A 0.5917 g sample of a pure soluble chloride compound is dissolved in water, and all of the chloride ion is precipitated as AgCl by the addition of an excess of silver nitrate. The mass of the resulting AgCl is found to be 1.5683 g.
What is the mass percentage of chlorine in the original compound?
mols AgCl = grams/molar mass
Is it % Cl2 you want and not chloride?
(I suspect it is chloride) but I'll stick to what you posted.
g Cl2 = (1.5683g AgCl x (molar mass Cl2/2*molar mass AgCl)
Then %Cl2 = (g Cl2/mass sample)*100 = ?
To find the mass percentage of chlorine in the original compound, we need to determine the mass of chlorine in the AgCl precipitate and then use that to calculate the percentage.
We are given the mass of the AgCl precipitate (1.5683 g), which contains both silver (Ag) and chlorine (Cl). The molar ratio of Ag to Cl in AgCl is 1:1, so the mass of chlorine in the AgCl can be calculated by subtracting the mass of Ag from the total mass of AgCl.

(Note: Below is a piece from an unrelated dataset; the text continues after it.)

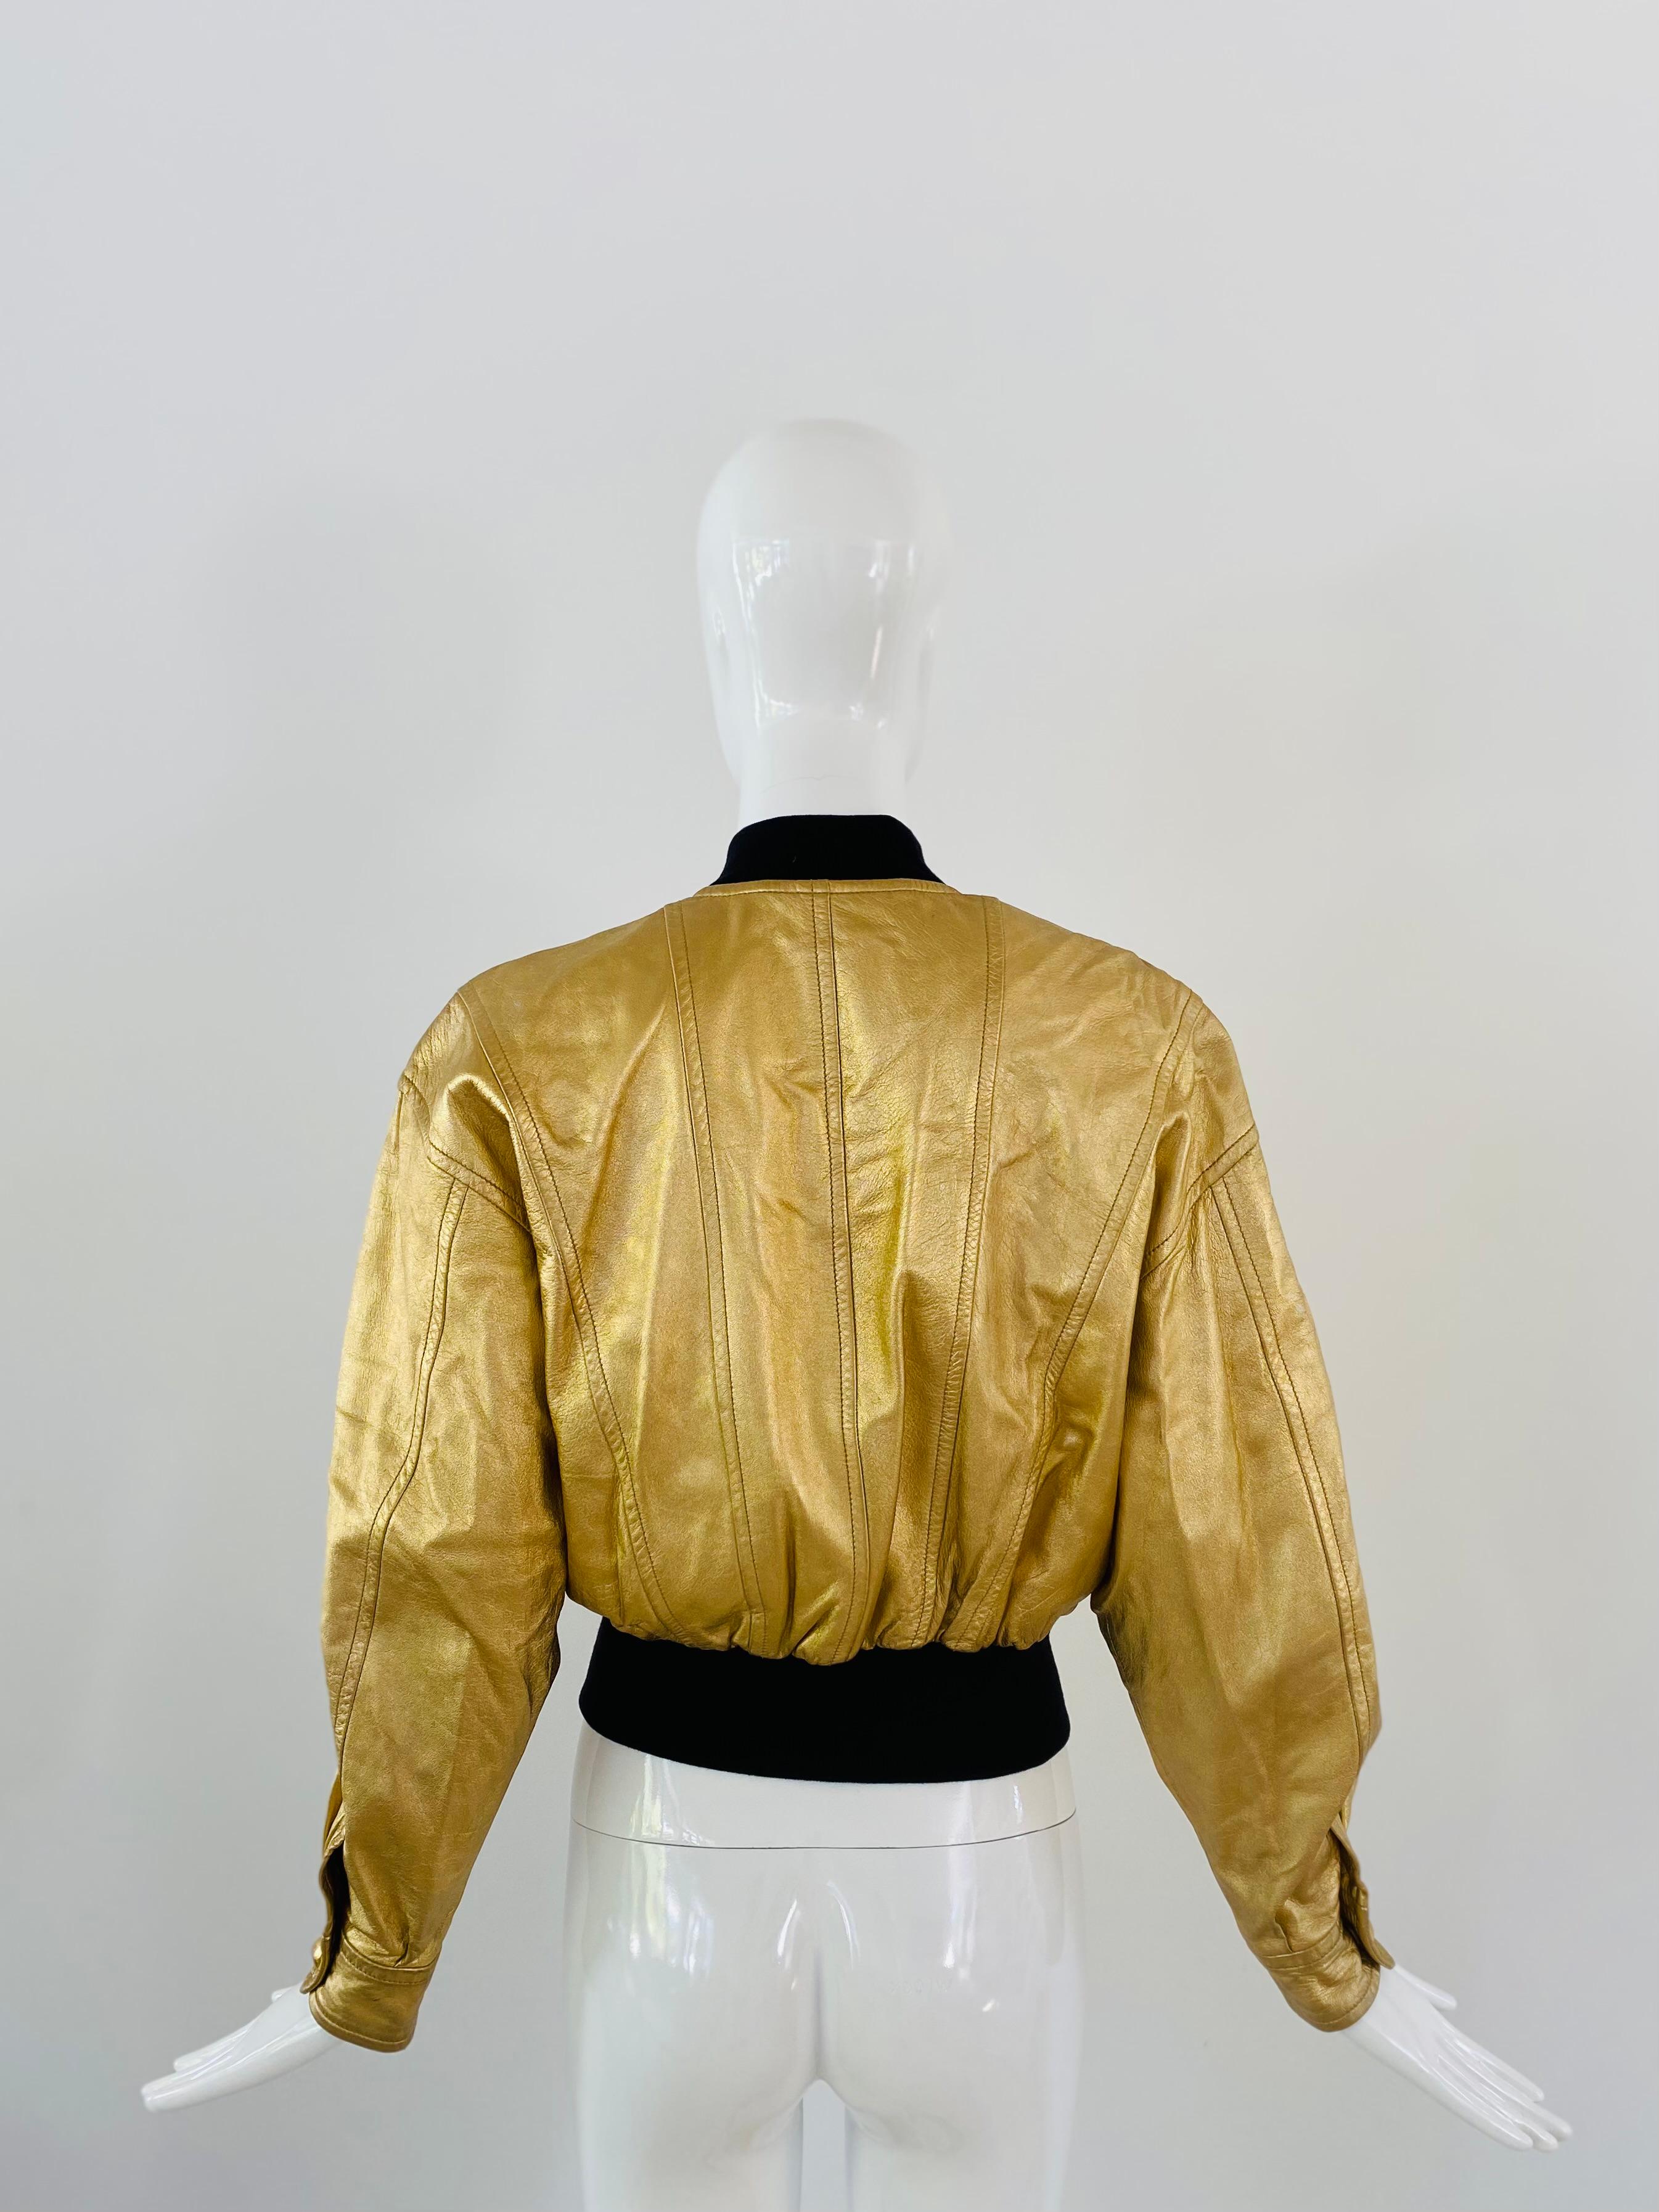 Veste bombardier en cuir Escada des années 1990, en cuir doré avec étoiles brodées, boutons pression dorés et ceinture extensible. L'or du cuir s'est un peu estompé et un trou a été fait dans la doublure intérieure de la veste, qui a été rapiécée.

1. Calculate the mass of chlorine in the AgCl precipitate:
Mass of AgCl = 1.5683 g
Molar mass of AgCl = atomic mass of Ag (107.87 g/mol) + atomic mass of Cl (35.45 g/mol) = 143.32 g/mol
Mass of chlorine = Mass of AgCl - Mass of Ag
= 1.5683 g - (1.5683 g / 143.32 g/mol * 107.87 g/mol)
= 1.5683 g - 1.1413 g
= 0.427 g
Now, we know that the mass of chlorine in the original compound is equal to the mass of chlorine in the AgCl precipitate. We can calculate the mass percentage of chlorine by dividing the mass of chlorine by the mass of the original compound and then multiplying by 100.
2. Calculate the mass percentage of chlorine:
Mass of original compound = 0.5917 g
Mass percentage of chlorine = (Mass of chlorine / Mass of original compound) * 100
= (0.427 g / 0.5917 g) * 100
= 72.10%
Therefore, the mass percentage of chlorine in the original compound is 72.10%.